Write out exactly the lines below starting at the one containing "Vintage Mini Bikes" and ending at the one containing "1989 Ford Bronco XLT". Omit every picture.

Given data>
== Segment start ==

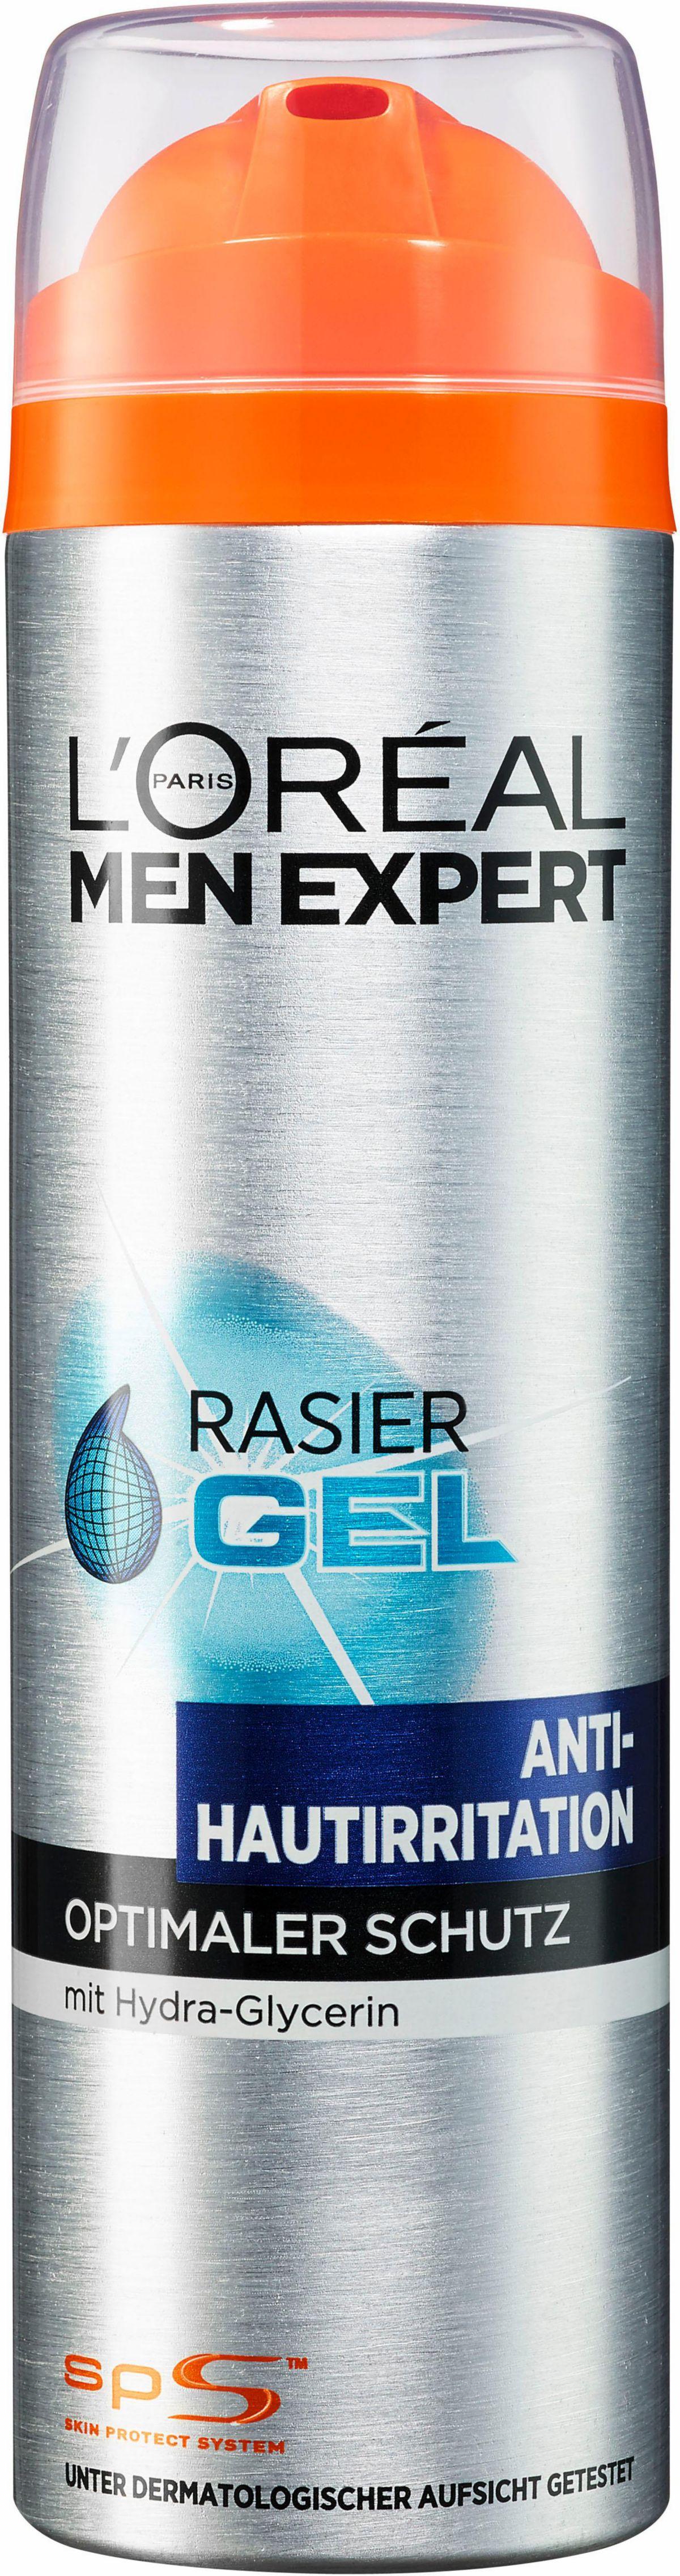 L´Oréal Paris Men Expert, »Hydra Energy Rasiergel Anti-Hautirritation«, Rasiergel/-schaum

== Segment end ==
== Segment start ==

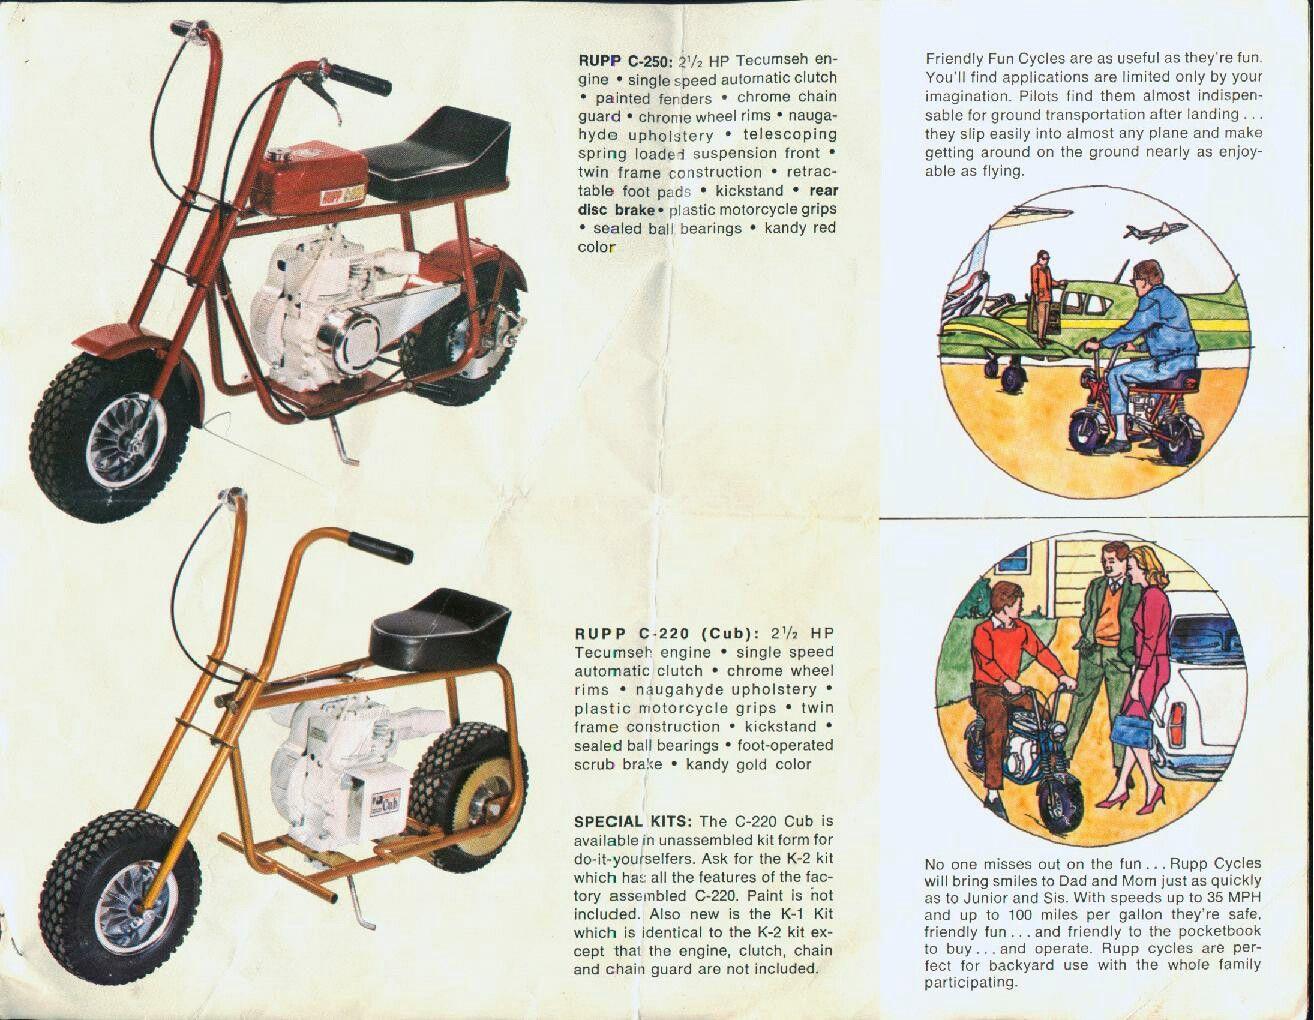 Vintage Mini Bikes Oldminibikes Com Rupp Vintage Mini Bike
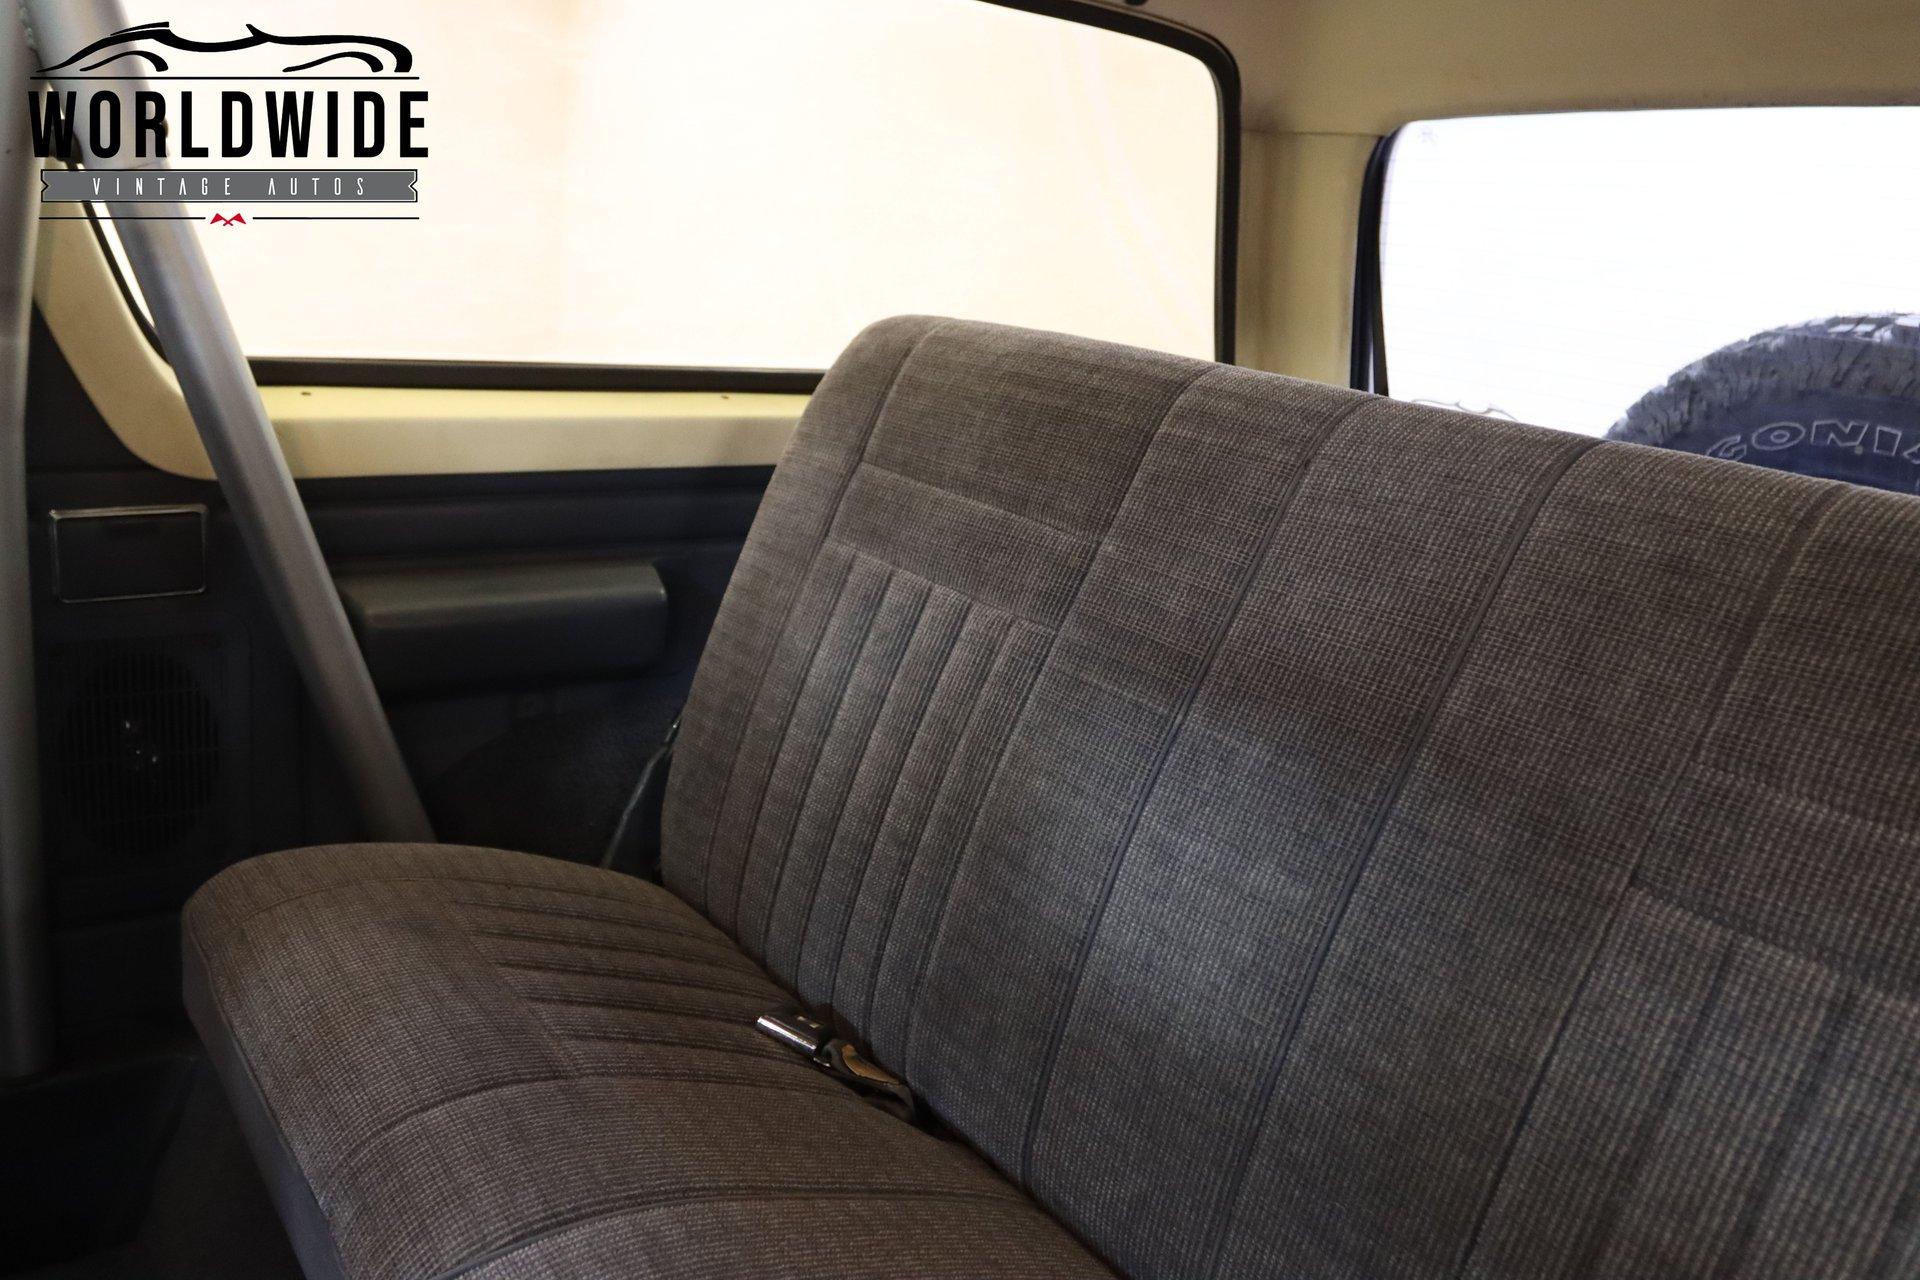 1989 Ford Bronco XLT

== Segment end ==
== Segment start ==

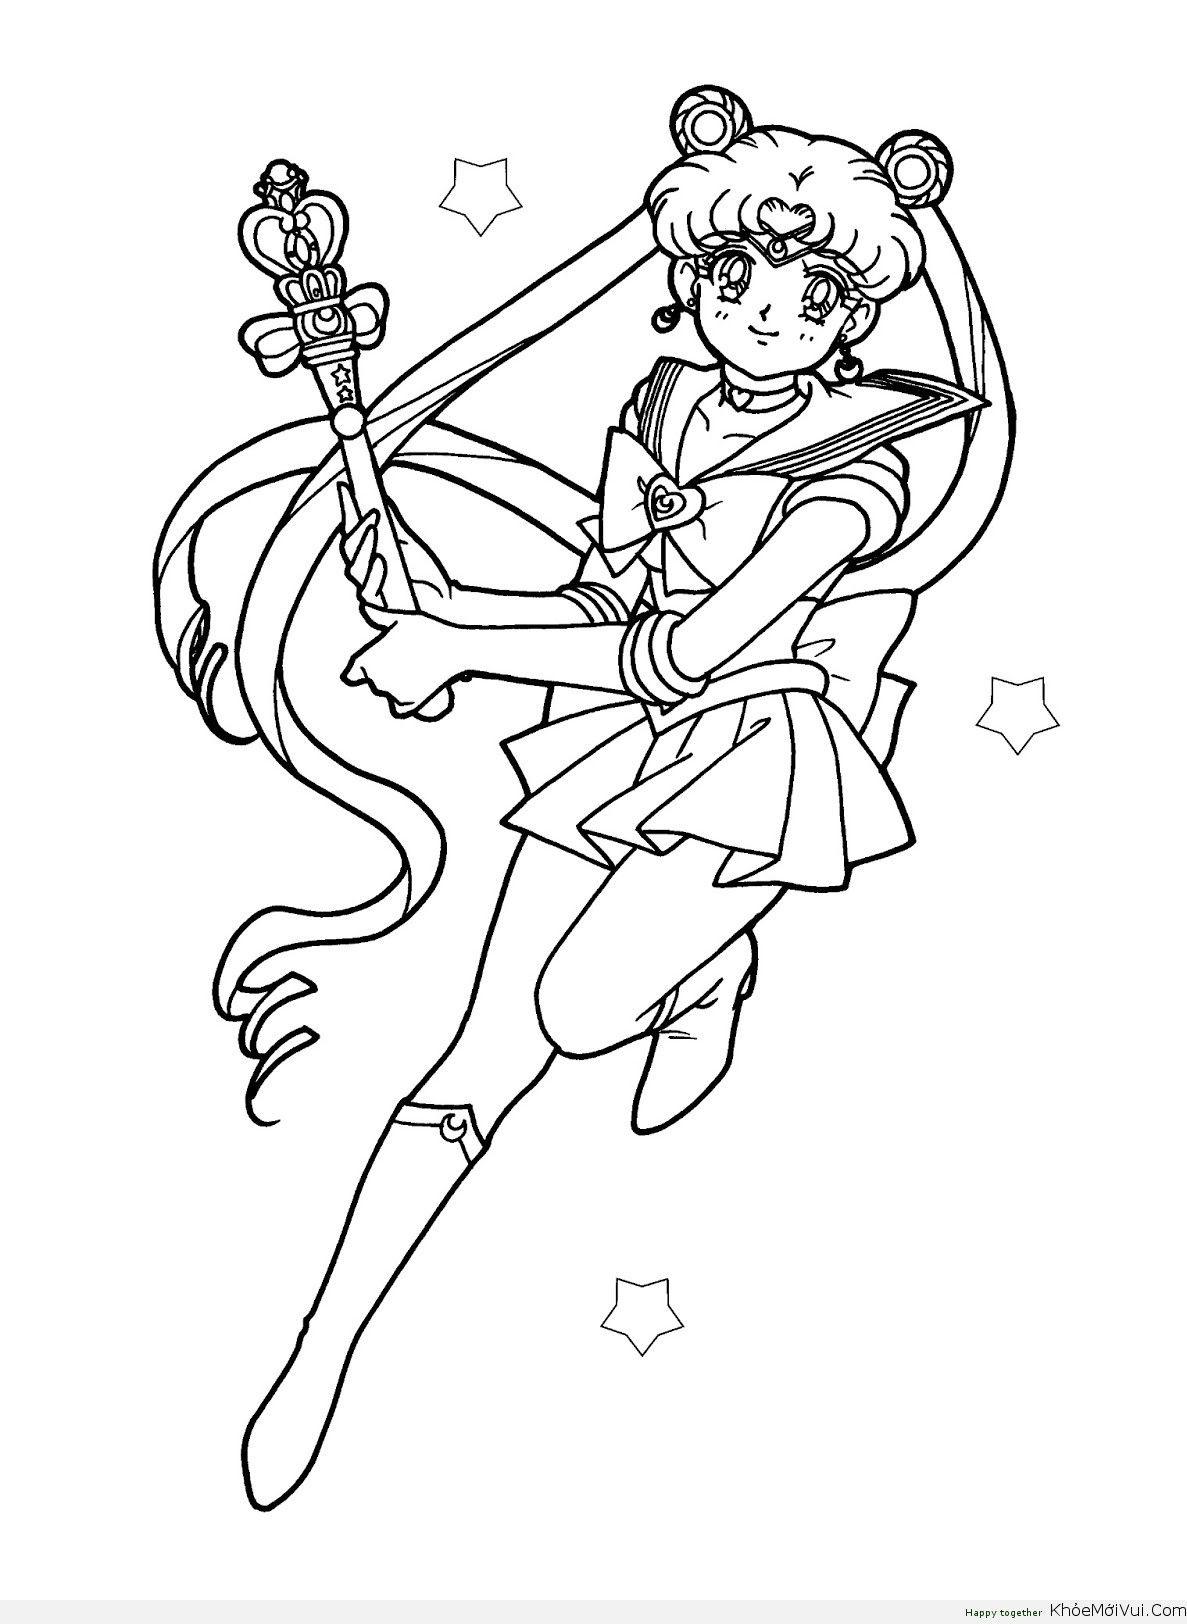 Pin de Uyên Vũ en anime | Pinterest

== Segment end ==

Expected answer>
 Vintage Mini Bikes Oldminibikes Com Rupp Vintage Mini Bike
 1989 Ford Bronco XLT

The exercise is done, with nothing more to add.